The stability of a hydrocarbon emulsion can be strongly affected by pH. In a typical refinery SWS, the pH rises as the water passes down through the column (in the absence of un-neutralised strong-base contaminants) because H2S is more readily stripped from the sour water than NH3. This effect can result in a hydrocarbon phase forming in the lower part of the stripper column and on the effluent side of a feed/effluent exchanger, preferentially fouling the effluent rather than the feed side of the feed effluent exchanger.

Particulate based fouling is normally a result of coke (from thermal cracking units), catalyst fines, upstream corrosion products, or corrosion products generated in the SWS unit. In many cases, this type of fouling is seen in conjunction with hydrocarbon or salt precipitation fouling as the particulate fines provide a nucleus for hydrocarbon agglomeration or salt crystallisation. This type of fouling is usually mitigated by:
• Locating the source of the particles and addressing the issues causing their generation
• Filtering the feed water (While this is not always required, it is in some cases necessary, especially if the column is packed. Most conventional and high performance packings can become plugged by high particulate loads.)

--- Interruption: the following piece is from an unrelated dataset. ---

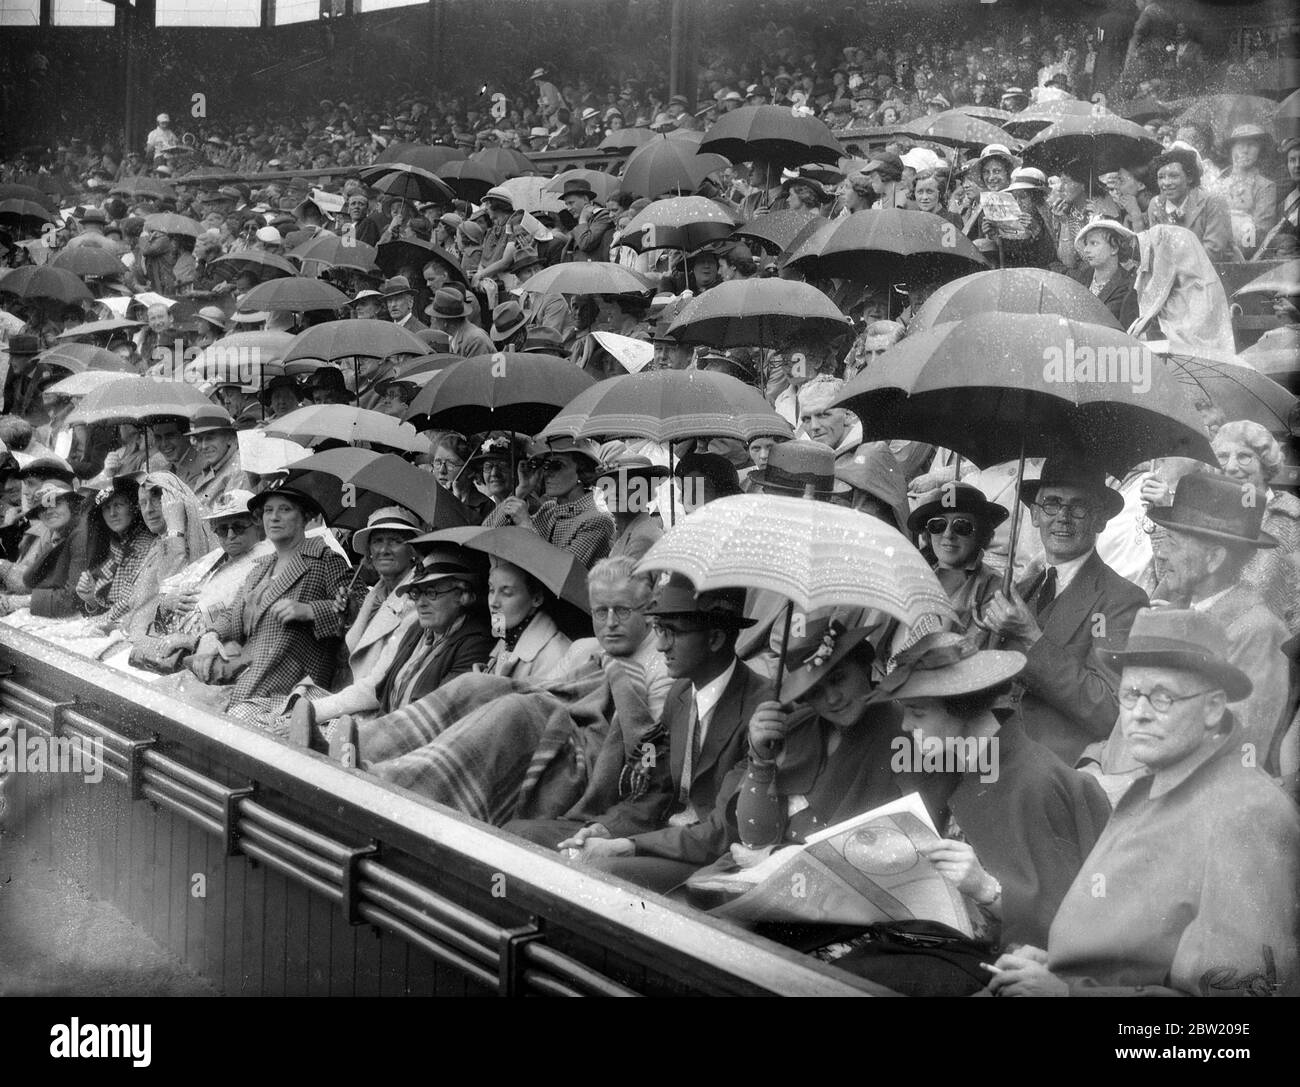 Per la prima volta dall'inizio dei campionati, la pioggia ha smesso di giocare alla Corte Centrale di Wimbledon, durante la partita tra FRU Sperling, la preferita danese per il titolo femminile, e Miss Alice Marble, la campionessa americana femminile. Ombrelloni che riparano la folla sul Centro Corte. 29 giugno 1937 Foto Stock

One example of the many possible variations of this fouling type is shown in Figure 2.

Salt based fouling is typically a result of the presence of calcium or magnesium ions in the feed water to the stripper. To avoid this type of fouling, the water feed to the SWS should not have appreciable water hardness (a standard test for Ca and Mg). Typically, this sort of fouling occurs because of low quality wash water, a problem with the refinery’s water treatment plant, or an ingress of poor quality water into the system (for example, through a leaking water cooler on an upstream unit).

Sour water from coal gasification plants typically contains CaCO3 which requires a pH of 6 to 6.5 to prevent precipitation. Hydrochloric acid is typically used to adjust the water pH to the acceptable range. Unfortunately, the use of a strong acid often results in difficulty meeting ammonia specification in the treated water, thus the acid method should be avoided. Sulphuric acid should be avoided as it will result in sulphur forming side reactions with H2S.

Selenium can precipitate out in a SWS column and is typically grey in colour (this form of selenium normally requires temperatures of 180⁰C (355⁰F), but the presence of amine catalyses its formation.20 It has also in some cases resulted in pink coloured stripped water.

In some rare instances crude oils contain complex chemical scavengers, such as triazine, that can precipitate out of solution. The only prevention for this problem is to avoid adding these chemicals upstream.

While other salts are possible, generally they must be present at much higher concentrations to precipitate than are normally found at steady operating conditions. For example, if very large volumes of caustic enter the system this can create a salt precipitation problem, as seen in Figure 3, and should be kept out of the SWS feed as far as possible. SWS units are (generally) not suitable for treating caustic effluents.

Ammonium carbonate and bicarbonate will sublime from the SWS off-gas in the temperature range 55-75°C (130-167°F). When the gas cools excessively, a solid forms that fouls instruments, control valves and lines. A minimum gas temperature of 85°C should be maintained to prevent sublimation. Checking overhead lines for cold spots should be done on a regular basis. These lines should be insulated and steam traced as a minimum, but steam jacketing is preferred.